While American presidents going back to George W. Bush have failed to appreciate the depth and passion of Mr. Putin’s hostility to the U.S., the Russian president isn’t that hard to read. Like a movie supervillain who can’t resist sharing the details of his plans for world conquest with the captured hero, Mr. Putin makes no secret of his agenda. At Friday’s ceremony marking Russia’s illegal and invalid “annexation” of four Ukrainian regions, he laid out his worldview and ambitions in a chilling and extraordinary speech that every American policy maker should read.

Mr. Putin sees global politics today as a struggle between a rapacious and domineering West and the rest of the world bent on resisting our arrogance and exploitation. The West is cynical and hypocritical, and its professed devotion to “liberal values” is a sham. The West is not a coalition of equals; it represents the domination of the “evil Anglo-Saxons” over the Europeans and Japan. Mr. Putin sees this American-led world system as the successor to the British Empire, and he blames the Anglo-Saxon or English-speaking powers for a host of evils, from the Atlantic slave trade to European imperialism to the use of nuclear weapons in World War II.

The key here is that these aren’t, as most Western observers take it, the deranged rantings of a lunatic. He genuinely thinks Russia has been held back from its rightful place of leadership in the world by an Anglo-American-led effort.

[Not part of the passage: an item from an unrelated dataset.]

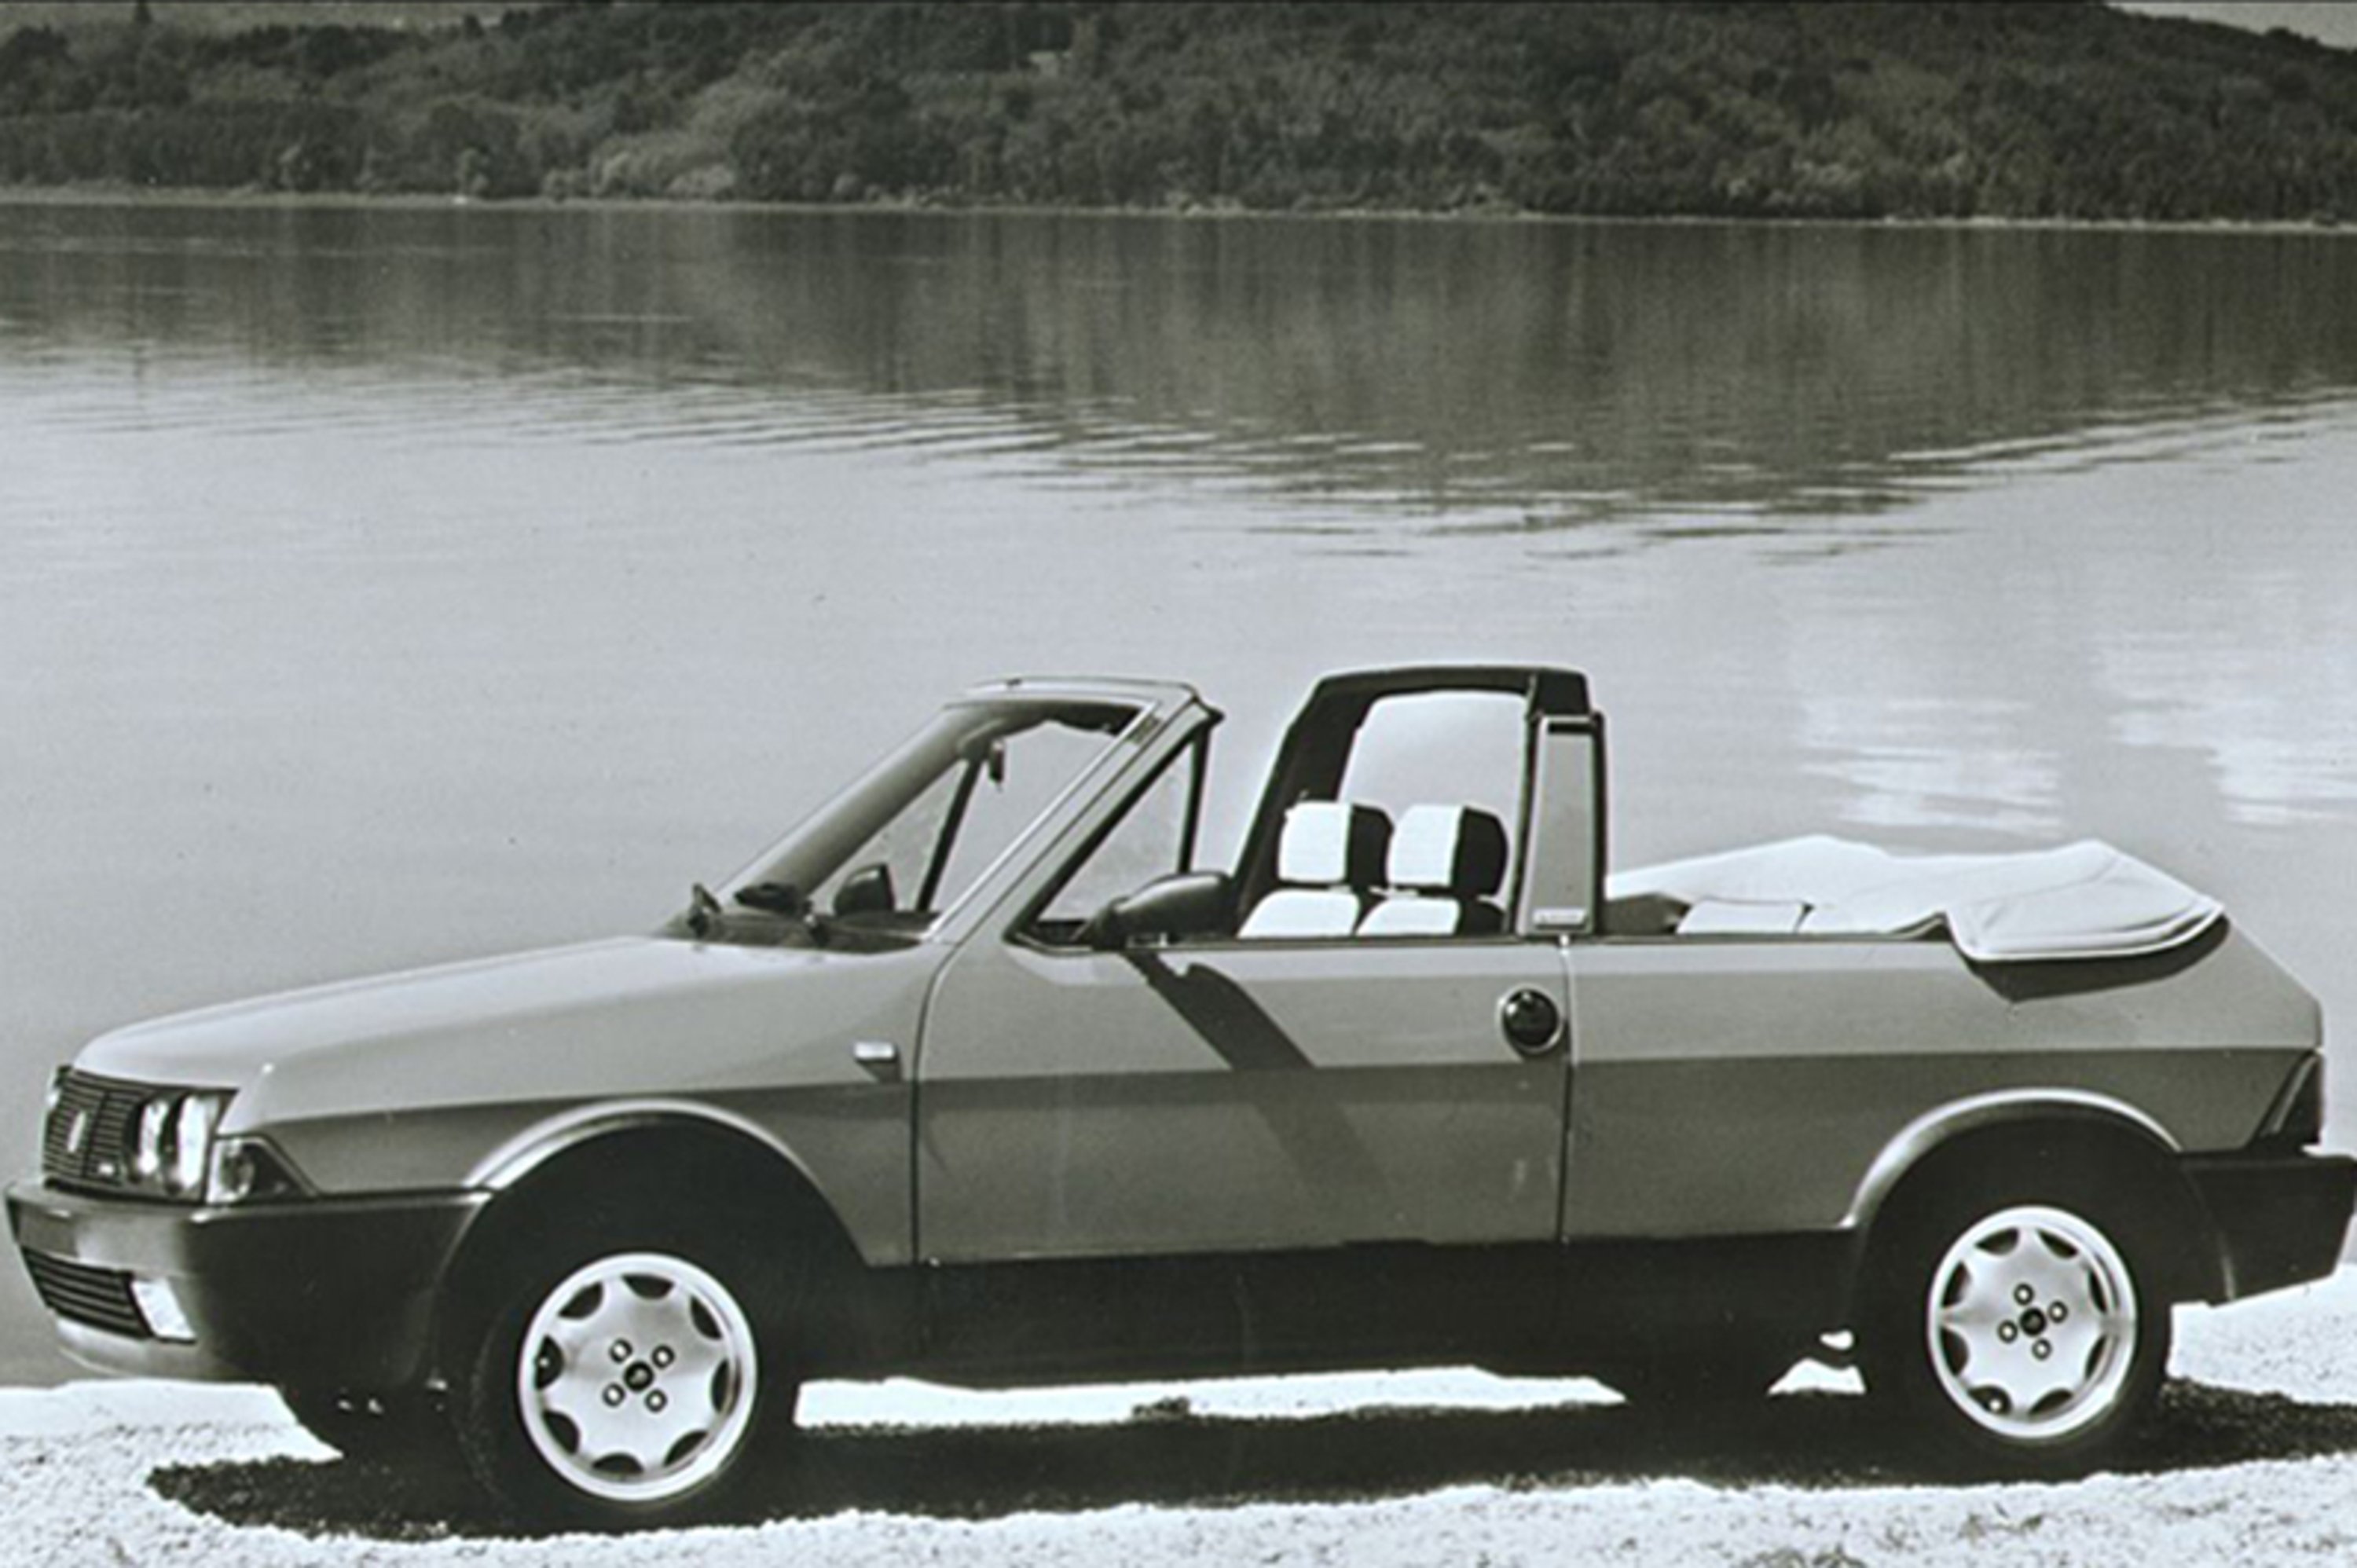 Fiat Ritmo Cabrio (1981-82)

Making threats about the use of nuclear weapons in Ukraine advances both Mr. Putin’s goals in Ukraine and his larger campaign against the American-led order. Nuclear weapons, he hopes, could shift the military balance on the ground, and the fear of nuclear war could force Washington to dial back military support for Ukraine. The threat or use of nuclear weapons could split Europe between “peace at any price” governments and governments of countries closer to Russia whose determination to resist nuclear blackmail would only grow.

That’s not an implausible theory, actually. The Europeans are already paying an outsized cost for the embargoes and would, to put it mildly, suffer more from a relatively low-level use of nuclear weapons in Ukraine than we would.

There is one other consideration. Ever since taking power in Russia, Mr. Putin has been frustrated by his inability to parlay his country’s immense arsenal of nuclear weapons into real political power in the world. Nuclear weapons made the Soviet Union a superpower; Mr. Putin wants that stature back. Extracting significant concessions from the West by nuclear blackmail over Ukraine would be a major step in his goal of regaining the Soviet Union’s place in world affairs.

I think that’s wrong. Putin has turned himself into a laughingstock and demonstrated that Russia’s vaunted military is pitifully weak. Extracting himself from that situation by nuclear blackmail wouldn’t change the Western perception. But it’s possible that he and the Russian people would see it differently.

Mead closes:

None of this is good news for the Biden administration. Yielding to Russian blackmail over Ukraine would be a massive blow to American credibility and power overseas and would look weak to Americans who have cheered Ukraine on. Yet deterring a Russian attack involves the risk of a deepening American engagement in an escalating war.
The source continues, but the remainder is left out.